You take a deep breath, grind your teeth, and rub your head in the hopes that the universe sends you a truck-load of patience and some Advil for the rest.
This is the meltdown process.
But all you really do after all that grinding is increase the chances of fracturing, loosening, or losing your teeth and eventually setting yourself up for dentures by the age of fifty. Not to mention adding wrinkles to your already aging forehead from all that rubbing.
This is the life of a parent during the meltdown crisis. It can be caused by anything, but the primary culprits are hunger and sleepiness. Any parent that tells you their kids never do this is just lying and trying to make themselves look Parent magazine-worthy. Those smiley faces on the cover of magazines … yeah those parents suffer the meltdown process too. You can’t airbrush that out.

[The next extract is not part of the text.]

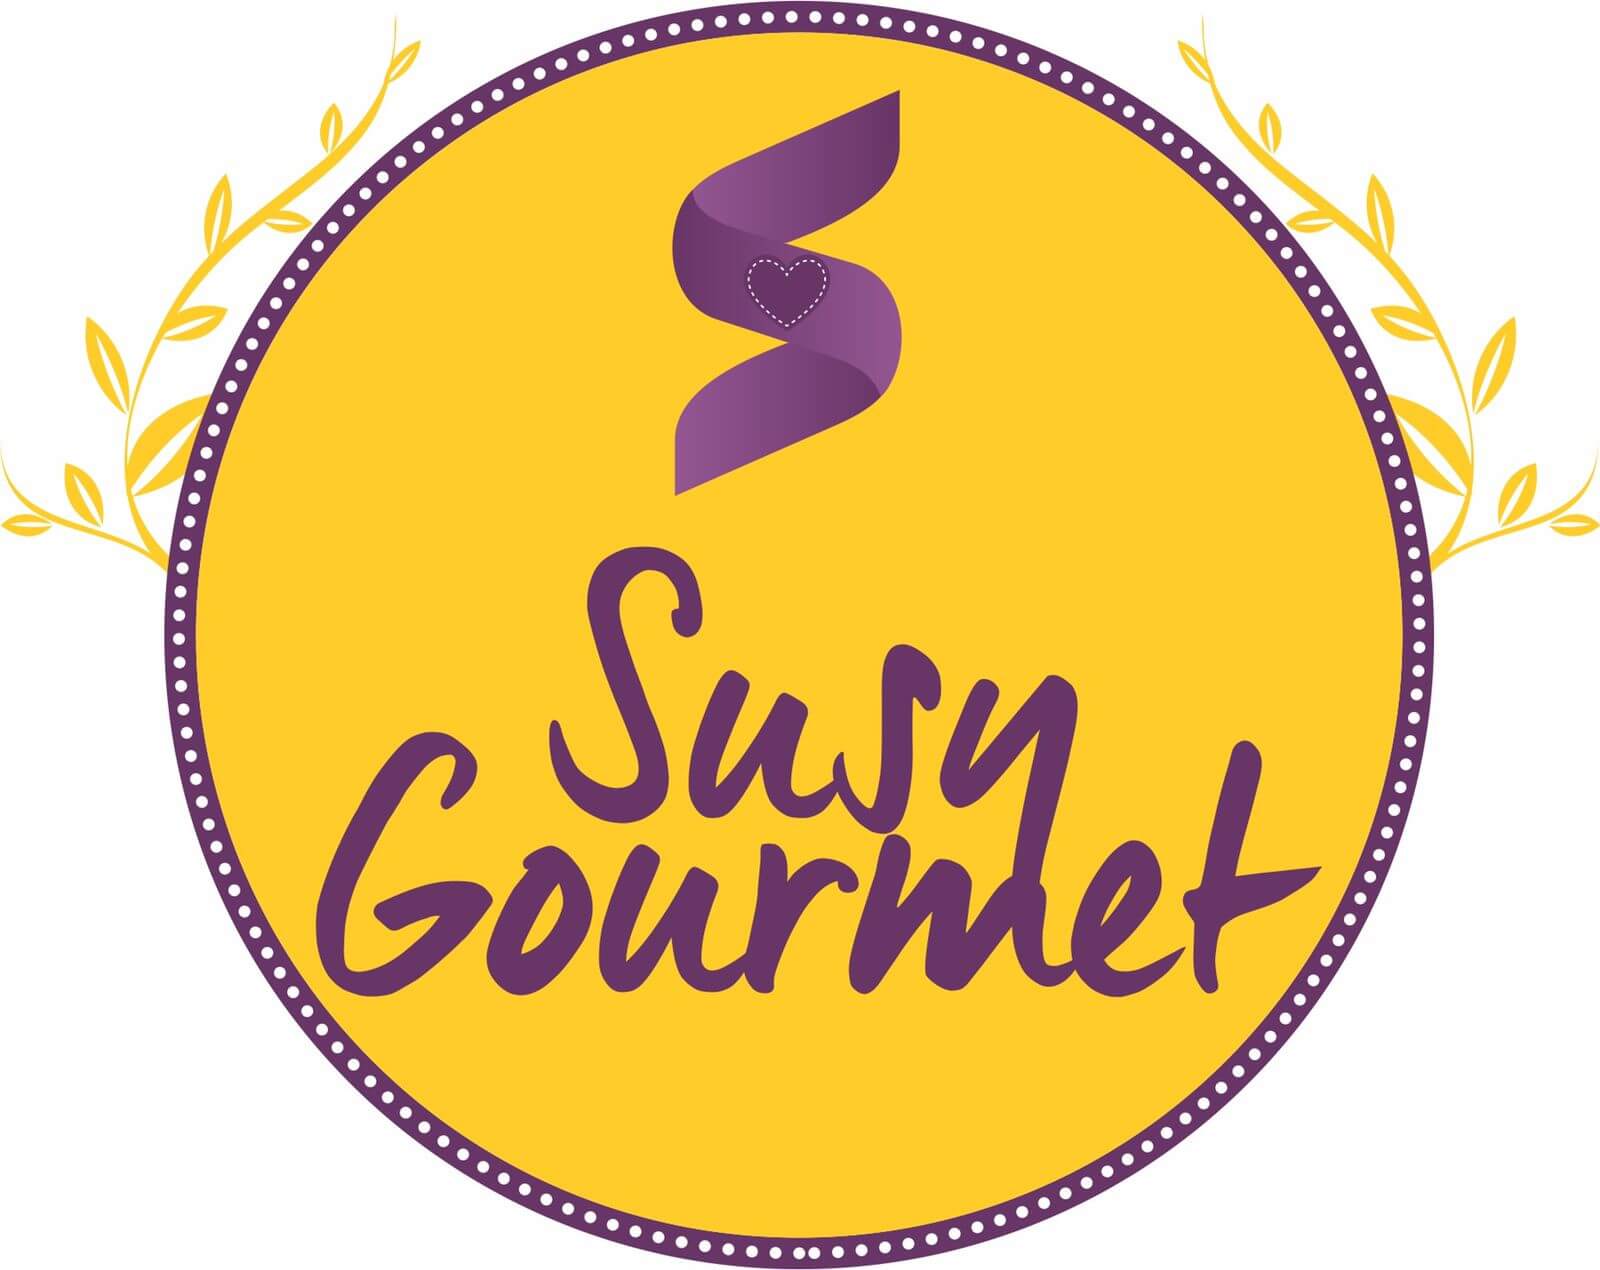 Susy Gourmet, rapidez y calidad en el servicio, al natural

But other than turning to massive amounts of chocolate, apparently acknowledging feelings are important. In The Happiness Project Gretchen Rubin talks about these parent self-help books. I’m not big on those parent advice books with unrealistic scenarios that give unpractical advice. I prefer the Judd Apatow method myself. But she did happen to mention a couple of items I thought were noteworthy.
Instead of getting sassy with my kid about whining ,or dismissing his four-year old feelings about yet another set of Thomas the Train Tracks thus extending the attitude and sadness, I should just acknowledge his feelings and things would probably settle down a lot faster.
I was doubtful of this Brady-Bunch–Partridge Family mentality, but it surprisingly worked.
“…much of children’s frustration comes not from being forced to do this or that but rather from the sheer fact that they’re being ignored.”
There are a few methods she mentions to help the acknowledgement-factor and possibly decrease future therapy for your kid.
“Write it Down.”
Seeing how my son has noticed my daily lists and that I often write things down on paper or the computer, he’s become aware that writing things down is important. So when he suggested “Mom I don’t like baby sister smashing my Lightning McQueen, she should have her own race cars. She can smash them.”
Instead of ignoring him and telling him for the 100th time that she’s just a baby and she didn’t mean it. I stood up and announced: “I think I should write that down … that sounds like a good idea.”
He smiled and picked up his car.
Dude.
I was unaware of the power of writing it down. I have used that many times this week. However I have also tried to master rephrasing the word “no.” Apparently kids hear that a lot, and in truth they need to hear it sometimes. But putting a positive spin on “no” can sometimes make the task so much easier. Instead of “No we can’t go to the golf course right now,” I use “It’s pretty hot outside why don’t we play in the pool first and then go to the golf course when it’s cooler.”
That one was pretty sweet. Watching Mad Men and Donald Draper can help you with your word magic.
Rubin suggests two other notes that I found helpful. “Wave my magic wand,” as in if I had a magic wand I’d make Go Diego, Go! appear right now instead of saying you need to understand the cable is out.
And last but not least “admitting that a task is difficult.” Just because I find it easy to make it to the bathroom in the middle of the night doesn’t mean it’s easy for my four-year to wake up and do it himself. Sometimes Pull-Ups Training Underwear are still necessary.
As a parent did these things make me happy? Well … it provided a less stressful environment and that made me happy. But in truth I can’t always write everything down. I will have to say no loudly from time to time. The magic wand does not always exist when disaster strikes and I’ve only had four hours of sleep. And, learning to cowboy up and mastering a task is important, especially when it involves urine. Meltdowns will happen, and there will be attitude adjustments that simply need a time-out and a ban from Lightning McQueen race cars.
This is parenthood.
And even though some of Rubin’s parent tips currently work with my four-year old at this time, once he hits his junior high school and high school status I might have to resort to my substitute teacher methods, because teenagers are a whole new breed.